Rho GTPases integrate the intracellular signaling in a wide range of cellular processes. Activation of these G proteins is tightly controlled by a number of guanine nucleotide exchange factors (GEFs). In this study, we addressed the functional role of the recently identified p114RhoGEF in in vivo experiments. Activation of endogenous G protein-coupled receptors with lysophosphatidic acid resulted in activation of a transcription factor, serum response element (SRE), that was enhanced by p114RhoGEF. This stimulation was inhibited by the functional scavenger of Gbetagamma subunits, transducin. We have determined that Gbetagamma subunits but not Galpha subunits of heterotrimeric G proteins stimulated p114RhoGEF-dependent SRE activity. Using coimmunoprecipitation assay, we have determined that Gbetagamma subunits interacted with full-length and DH/PH domain of p114RhoGEF. Similarly, Gbetagamma subunits stimulated SRE activity induced by full-length and DH/PH domain of p114RhoGEF. Using in vivo pull-down assays and dominant-negative mutants of Rho GTPases, we have determined that p114RhoGEF activated RhoA and Rac1 but not Cdc42 proteins. Functional significance of RhoA activation was established by the ability of p114RhoGEF to induce actin stress fibers and cell rounding. Functional significance of Rac1 activation was established by the ability of p114RhoGEF to induce production of reactive oxygen species (ROS) followed by activation of NADPH oxidase enzyme complex. In summary, our data showed that the novel guanine nucleotide exchange factor p114RhoGEF regulates the activity of RhoA and Rac1, and that Gbetagamma subunits of heterotrimeric G proteins are activators of p114RhoGEF under physiological conditions. The findings help to explain the integrated effects of LPA and other G-protein receptor-coupled agonists on actin stress fiber formation, cell shape change, and ROS production.

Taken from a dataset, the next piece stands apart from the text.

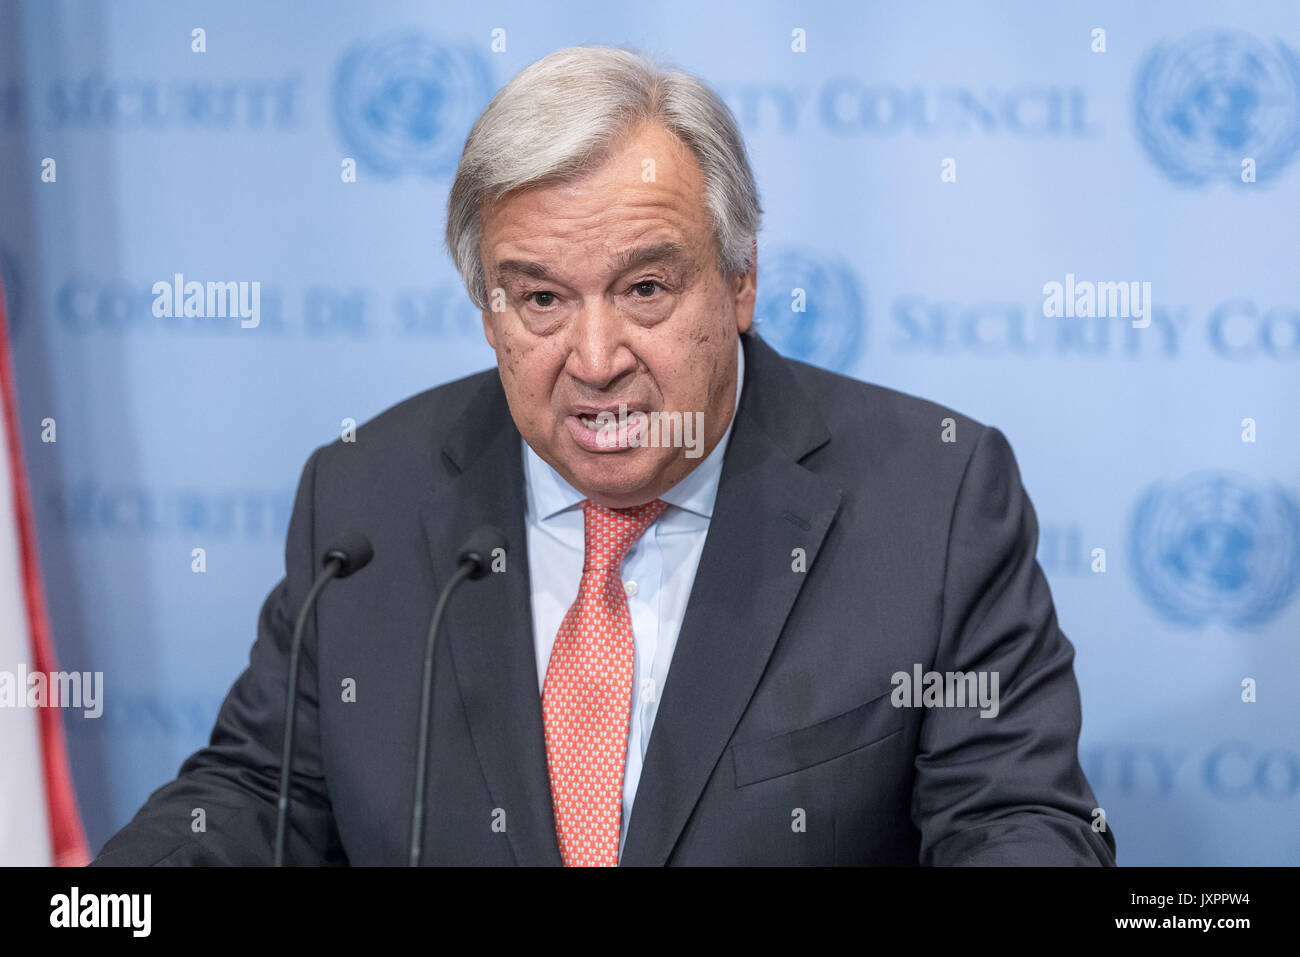 New York, United States. 16th Aug, 2017. United Nations Secretary-General Antonio Guterres spoke to the press at the Security Council stakeout at UN Headquarters delivering a brief prepared statement regarding the ongoing security issues posed by North Korea's nuclear weapons program. Following his prepared remarks, the Secretary-General responded to questions regarding the political crisis in Venezuela and U.S. President Donald Trump's stance regarding the rise of white nationalism. Credit: Albin Lohr-Jones/Pacific Press/Alamy Live News Stock Photo
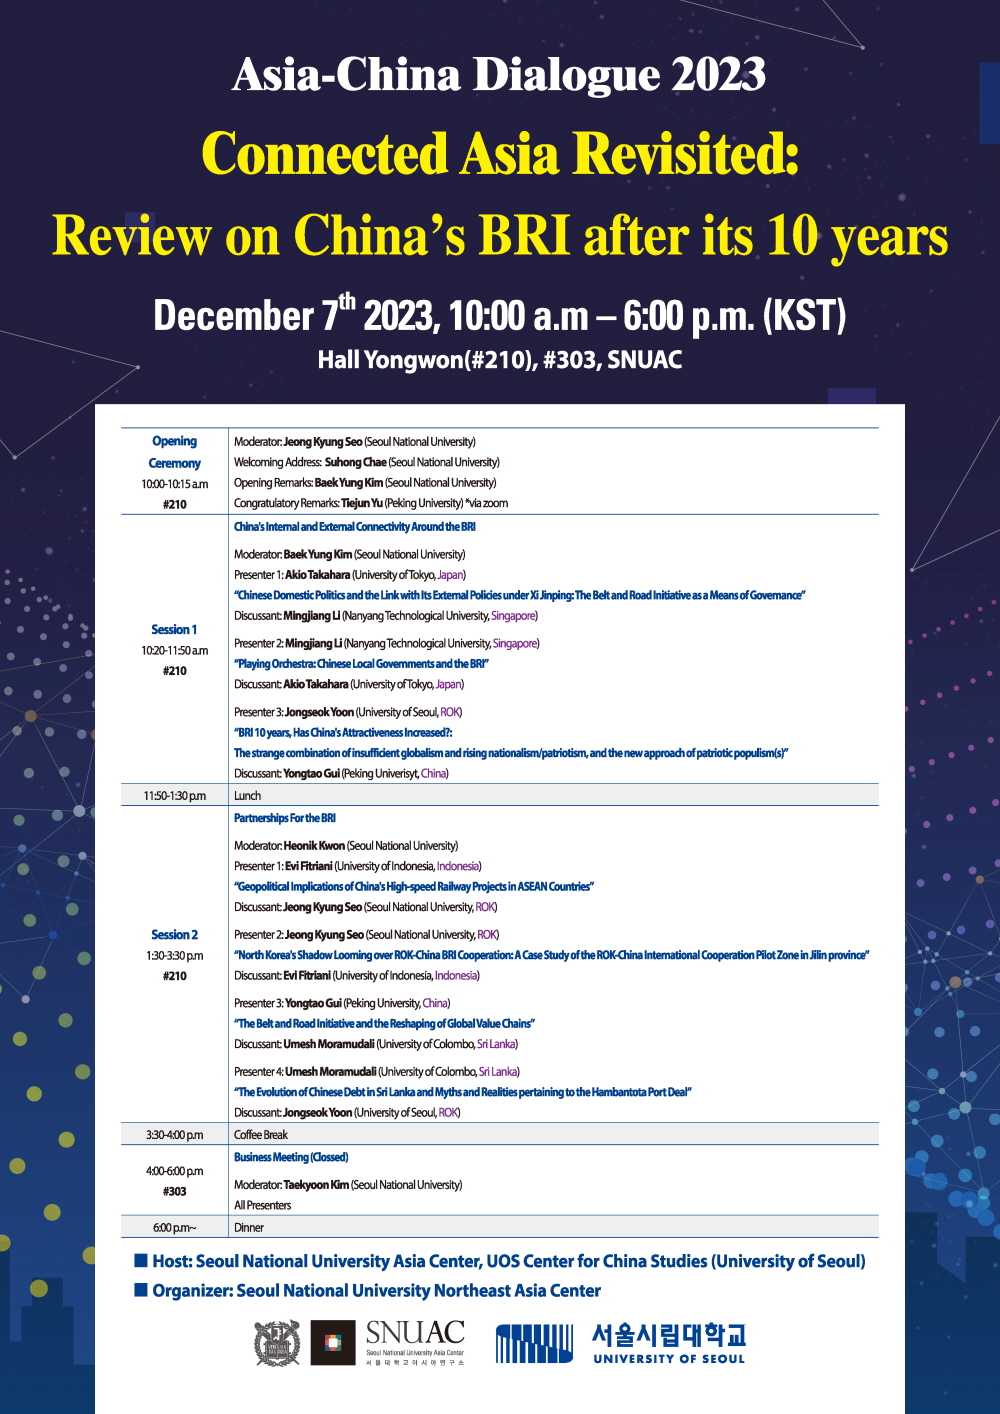 Connected Asia Revisited: Review on China’s BRI after its 10 years

5-Hydroxytryptamine 4(a) receptor is coupled to the Galpha subunit of heterotrimeric G13 protein.

Serotonin (5-hydroxytryptamine (5-HT)) is an important neurotransmitter that regulates multiple events in the central nervous system. Many of the 5-HT functions are mediated via G protein-coupled receptors that are coupled to multiple heterotrimeric G proteins, including G(s), G(i), and G(q) subfamilies (Martin, G. R., Eglen, R. M., Hamblin, M. W., Hoyer, D., and Yocca, F. (1998) Trends Pharmacol. Sci. 19, 2-4). Here we show for the first time that the 5-hydroxytryptamine 4(a) receptor (5-HT(4(a))) is coupled not only to heterotrimeric G(s) but also to G(13) protein, as assessed both by biochemical and functional assays. Using reconstitution of 5-HT(4(a)) receptor with different G proteins in Spodoptera frugiperda (Sf.9) cells, we have proved that agonist stimulation of receptor-induced guanosine 5'-(3-O-thio)triphosphate binding to Galpha(13) protein. We then determined that expression of 5-HT(4(a)) receptor in mammalian cells induced constitutive- as well as agonist-promoted activation of a transcription factor, serum response element, through the activation of Galpha(13) and RhoA. Finally, we have determined that expression of 5-HT(4(a)) receptor in neuroblastoma x glioma NIE-115 cells cause RhoA-dependent neurite retraction and cell rounding under basal conditions and after agonist stimulation. These data suggest that by activating 5-HT(4(a)) receptor-G(13) pathway, serotonin plays a prominent role in regulating neuronal architecture in addition to its classical role in neurotransmission.